Pele
de Foca, pele da alma
Houve
um tempo, que passou para sempre e que irá logo estar de volta, em que um dia
corre atrás do outro de céus brancos, neve branca... e todos os minúsculos pontinhos escuros ao
longe são pessoas, cães ou ursos.
Nesse
lugar, nada viceja gratuitamente. Os ventos são fortes, e as pessoas se
acostumaram a trazer consigo seus parkas, mamleks e botas, já de propósito.

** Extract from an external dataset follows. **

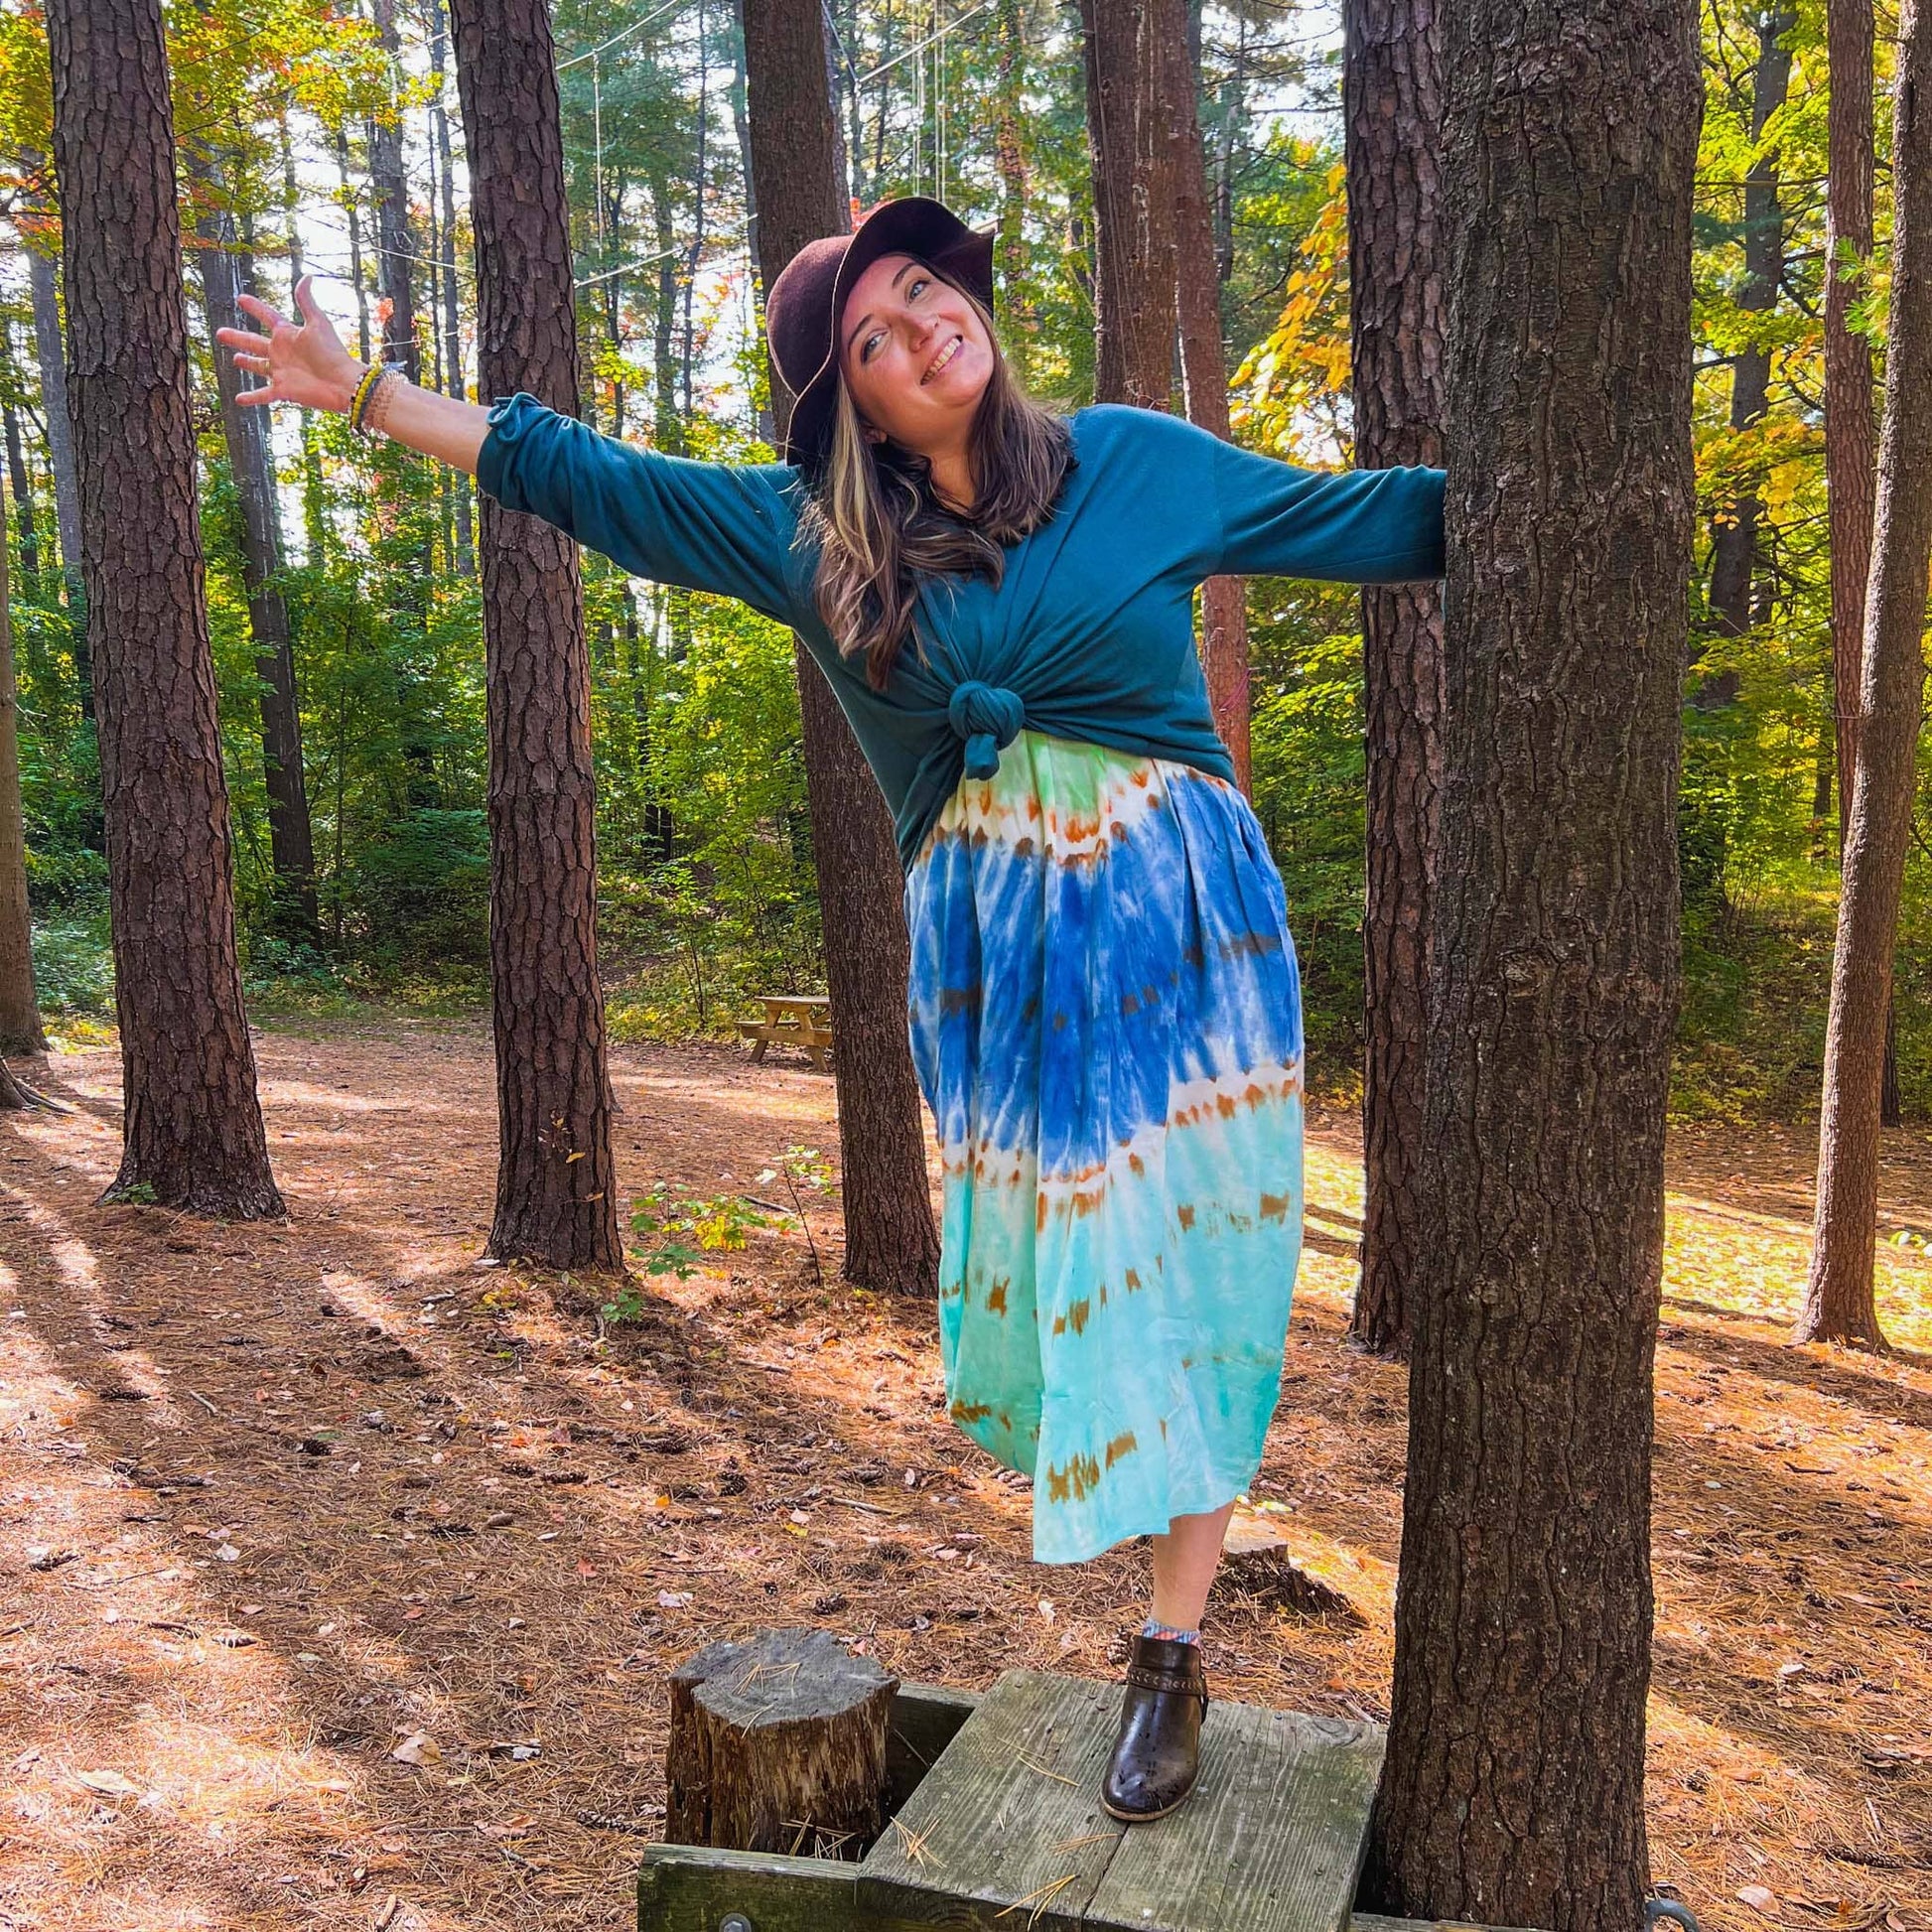 Young woman in tie dye dress, long sleeve blue green top and brown hat standing in woods and holding onto tree and leaning to one side smiling kindly at the camera.

Neste lugar, as palavras se congelam ao ar livre e frases inteiras precisam ser
arrancadas dos lábios de quem fala e descongeladas junto ao fogo para que as
pessoas possam ver o que foi dito. Nesse lugar, as pessoas vivem na basta
cabeleira da velha Annuluk, a avó, a velha feiticeira que é a própria terra.
E
foi nessa terra que vivia um homem... Um homem tão solitário que, com o passar
dos anos, as lagrimas haviam aberto fundos abismos no seu rosto. Ele tentava
sorrir e ser feliz. Ele caçava. Colocava armadilhas e dormia bem. No entanto,
sentia falta de companhia. Às vezes, lá nos bancos de areia, no seu caiaque,
quando uma foca se aproximava, ele se lembrava de antigas historias sobre como
as focas haviam um dia sido seres humanos e como o único remanescente daqueles
tempos estava nos seus olhos, que eram capazes de retratar expressões, aquelas
expressões sabias, selvagens e amorosas. Às vezes ele sentia nessas ocasiões
uma solidão tão profunda que as lagrimas escorriam pelas fendas já tão gastas
no seu rosto.
Uma
noite ele caçou até escurecer, mas sem conseguir nada. Quando a lua subiu no céu
e as banquisas de gelo começaram a reduzir, ele chegou a uma enorme rocha
malhada no mar e seu olhar aguçado pareceu distinguir movimentos extremamente
graciosos sobre a velha rocha. Ele remou lentamente e com os remos bem fundos
para se aproximar e lá no alto da rocha imponente dançava um pequeno grupo de mulheres,
nuas como no primeiro dia em que se deitaram sobre o ventre da mãe. Ora, ele
era um homem solitário, sem nenhum amigo humano a não ser na lembrança, e ele
ficou olhando.
As
mulheres pareciam seres feitos de leite da lua, e sua pele cintilava com
gotículas prateadas como as do salmão na primavera. Seus pés e mãos eram longos
e graciosos. Elas eram tão lindas que o homem ficou sentado atordoado, no
barco, e a agua nele batia, levando-o cada vez mais para junto da rocha. Ele
ouvia o riso magnifico das mulheres... Pelo menos pareciam rir, ou seria a água
que ria as margens da rocha? O homem estava confuso, por se sentir tão
deslumbrado. Entretanto, dispersou-se a solidão que lhe pesava no peito como
couro molhado e,quase sem pensar, como se fosse seu destino, ele saltou para a
rocha e roubou uma das peles de foca ali jogadas. Ele se escondeu por trás de
uma saliência rochosa e ocultou a pele de foca dentro de seu qutnquq,parka. Logo,
uma das mulheres gritou numa voz que era a mais linda que ele já ouvira... como
as baleias chamando na madrugada...ou não, talvez fosse mais parecida com os
lobinhos recém –nascidos caindo aos tombos na primavera...ou então, não, era
algo melhor do que isso, mas não fazia diferença porque...o que as mulheres
estavam fazendo agora ? Ora, elas estavam vestindo suas peles de foca, e uma a
uma as mulheres-focas deslizavam para o mar, gritando e ganindo de felicidade.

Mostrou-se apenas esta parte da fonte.